Big data: big opportunities, big privacy risks

Certain business practices involve the handling of information that a business does not intend to be personal information, such as:

  • online banner advertisements that are displayed to an Internet user based on the user's browsing habits, without reference to the name or other information identifying the individual who is browsing the Internet;
  • data analytics for market research purposes, where it is important to know what X's supermarket shopping habits are (for example), but the actual identity of X is irrelevant as the organisation is not seeking to market any products directly to X as a result of that research; and
  • disclosure of "de-identified" information by an organisation to third parties for commercial purposes (for example, results of market research or information for investors).

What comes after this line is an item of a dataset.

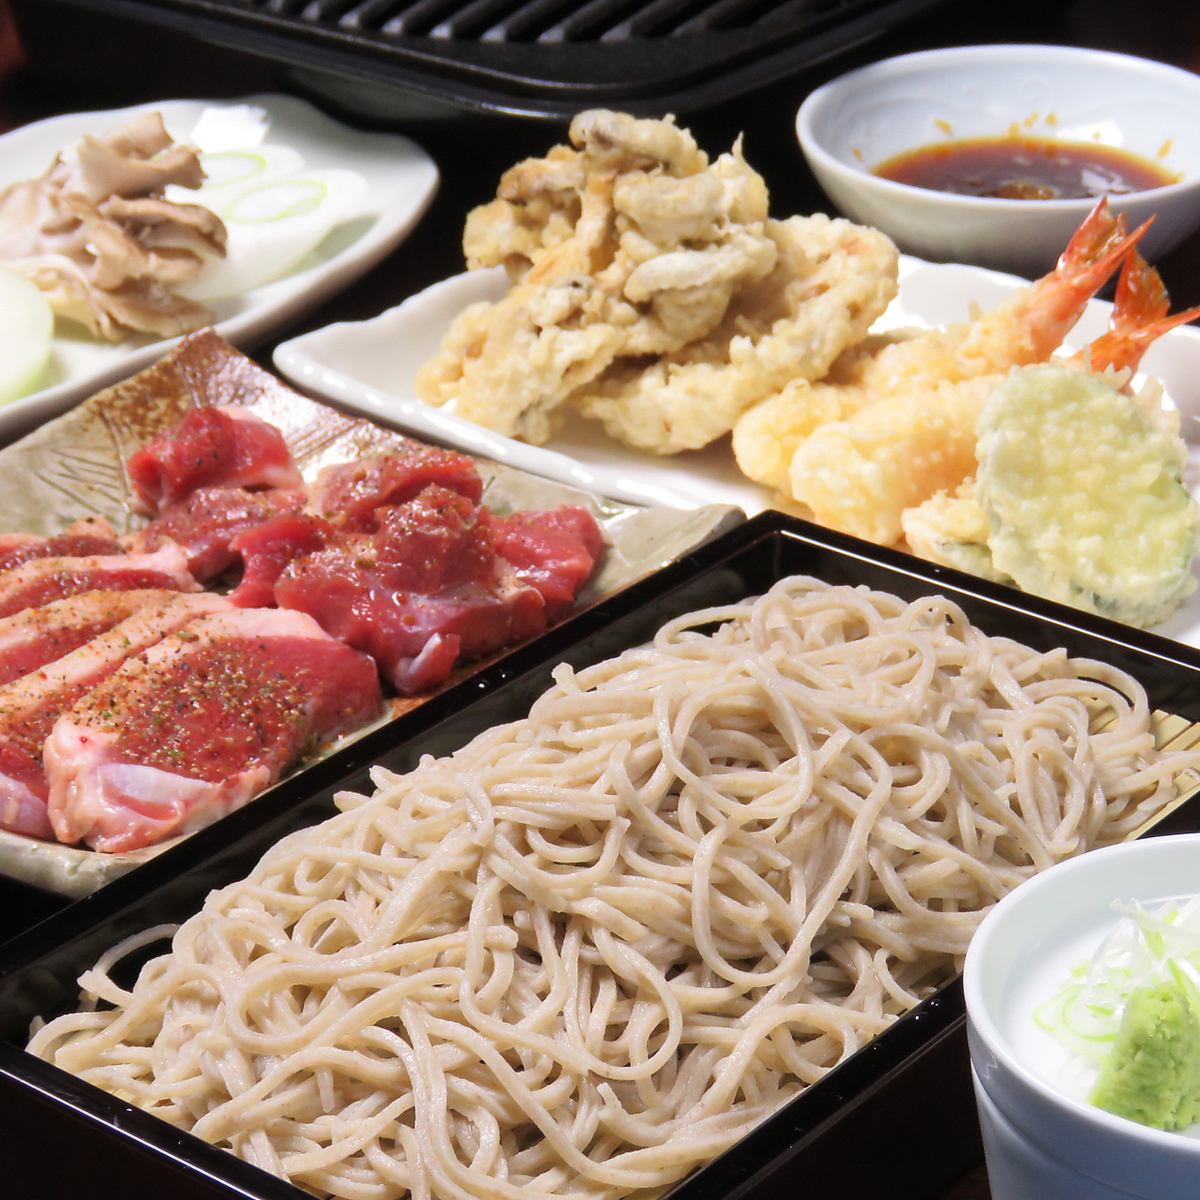 Enjoy the special soba, tempura, and duck dishes
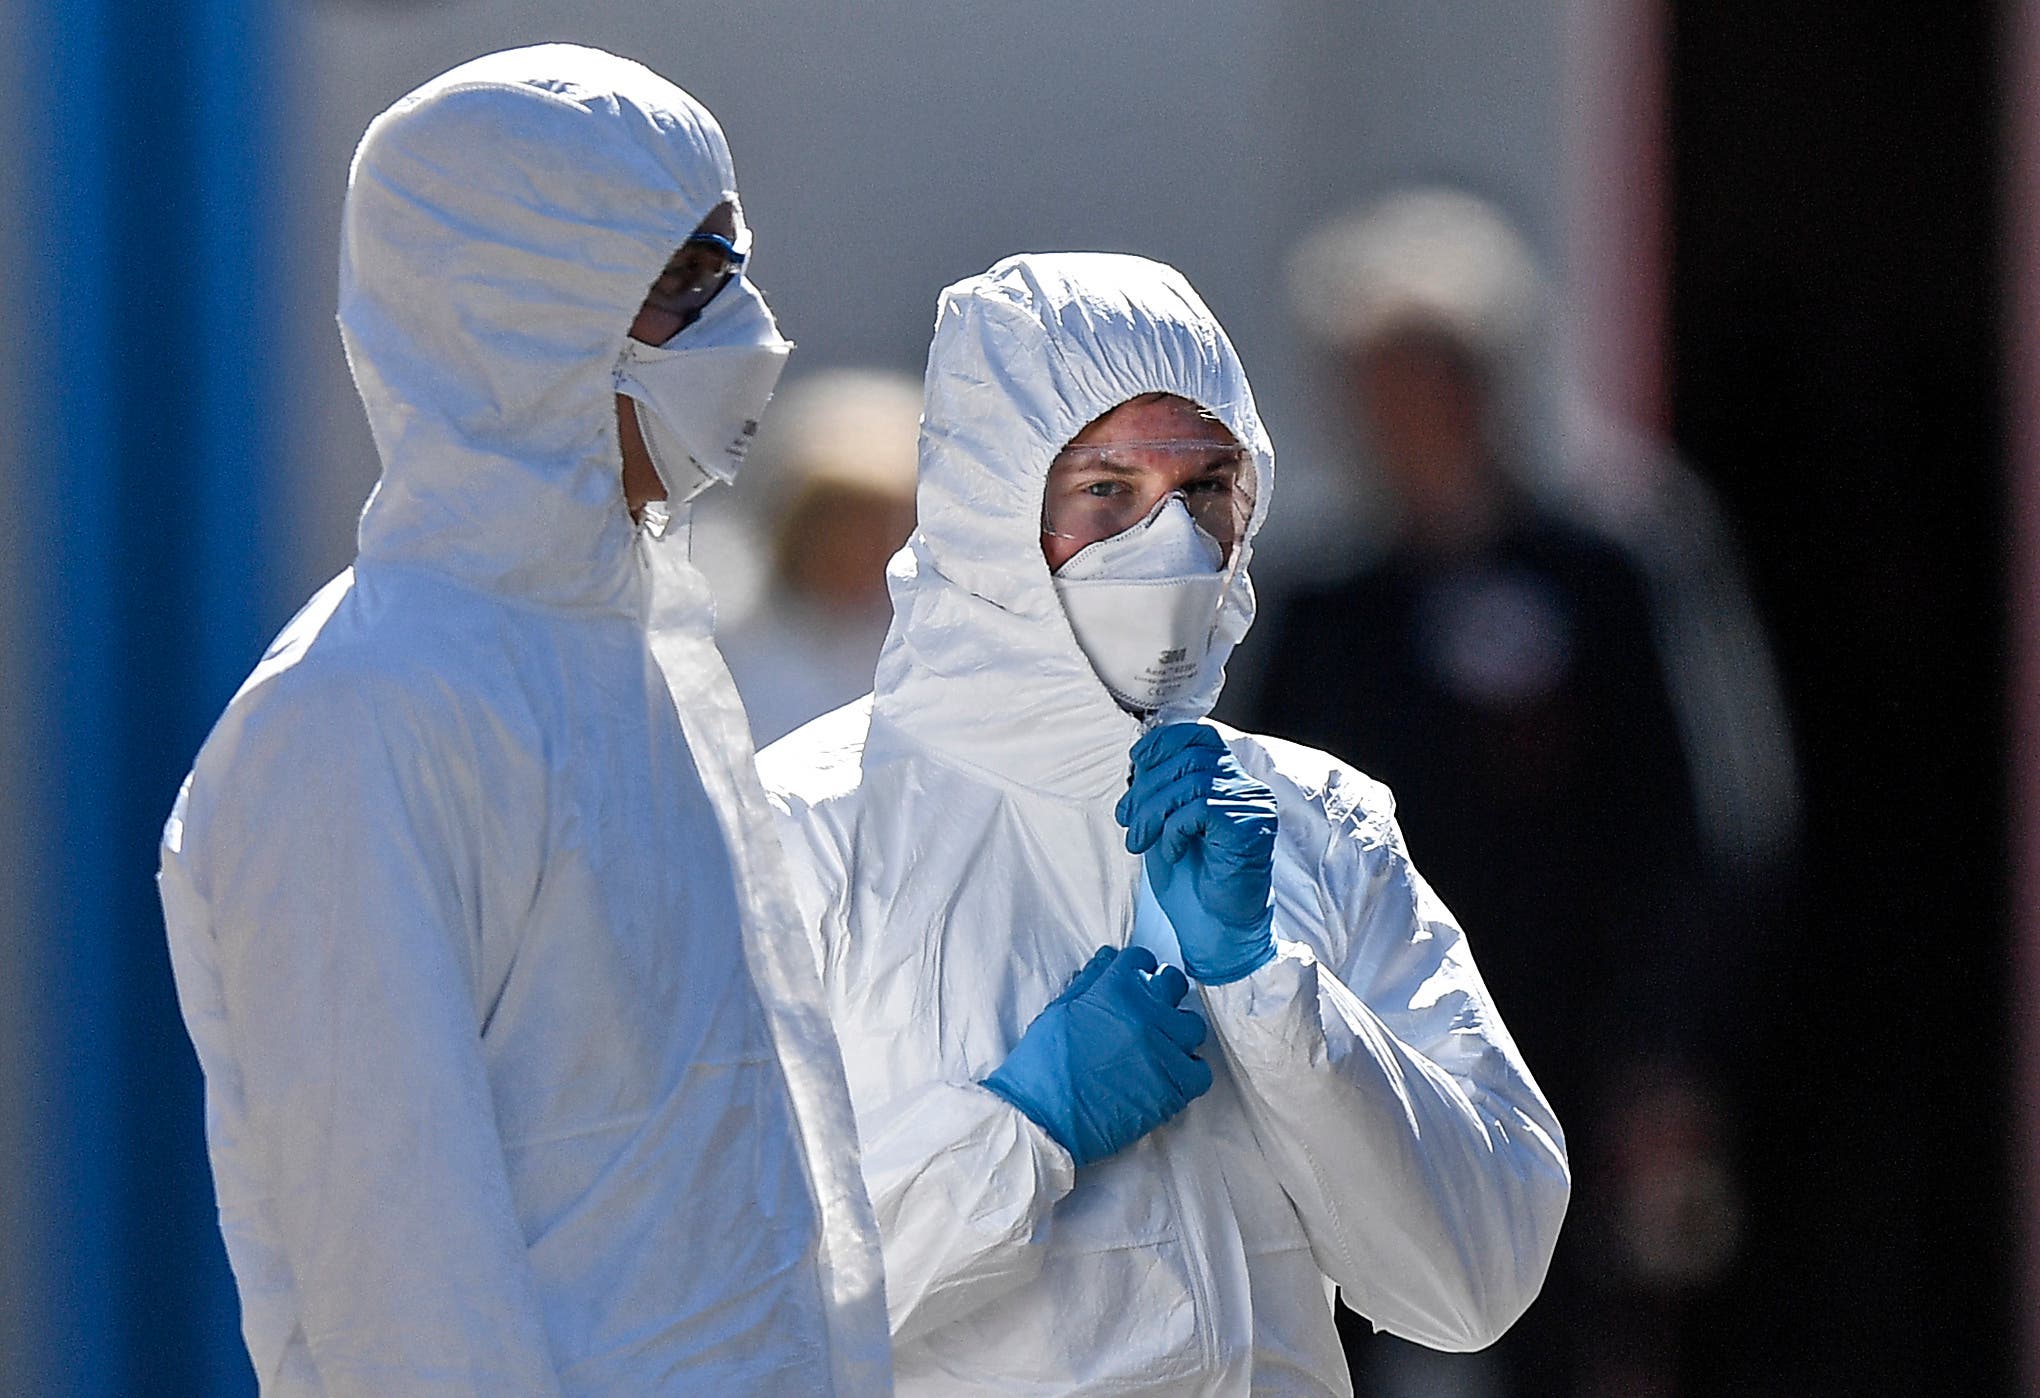 Employees wearing protective clothings wait in the warm sun for the next patient at a coronavirus test station outside the hospital 'Klinikum Nord' in Dortmund, Germany on April 4, 2020. (AP)

The problem is that technical advances in data mining and analytics, combined with increases in computing power and data storage capacity, have significantly expanded the categories and volume of the raw information available to private and public sector organisations.

This "big data" capacity magnifies the opportunities and risks (including privacy risks) for organisations, particularly the risk that ostensibly de-identified information can be re-identified by cross-matching with other (identified) information. Notable examples of this include:

  • journalists demonstrating in 2006 how it was possible to re-identify selected individuals (and their Internet search histories) following AOL's public release of 20 million AOL search queries not linked to any identified person; and
  • academics demonstrating in 2008 how it was possible to re-identify selected individuals (and their movie ratings and preferences) following Netflix's public release of a database of 100 million movie ratings by Netflix subscribers not linked to any identified person.

If ostensibly de-identified information can be linked to a particular individual, the organisation holding that information must comply with applicable privacy laws in handling that information. For example, in May 2015, the Privacy Commissioner found that certain metadata that Telstra held about an individual's phone communications (like time and location data concerning incoming and outgoing calls and texts from his phone) was "personal information". This was even though matching such metadata to a particular individual would take four days' full time work to retrieve one week's worth of data, and only with specialist help. As a result, Telstra had to comply with the individual's access request for that metadata under the Privacy Act.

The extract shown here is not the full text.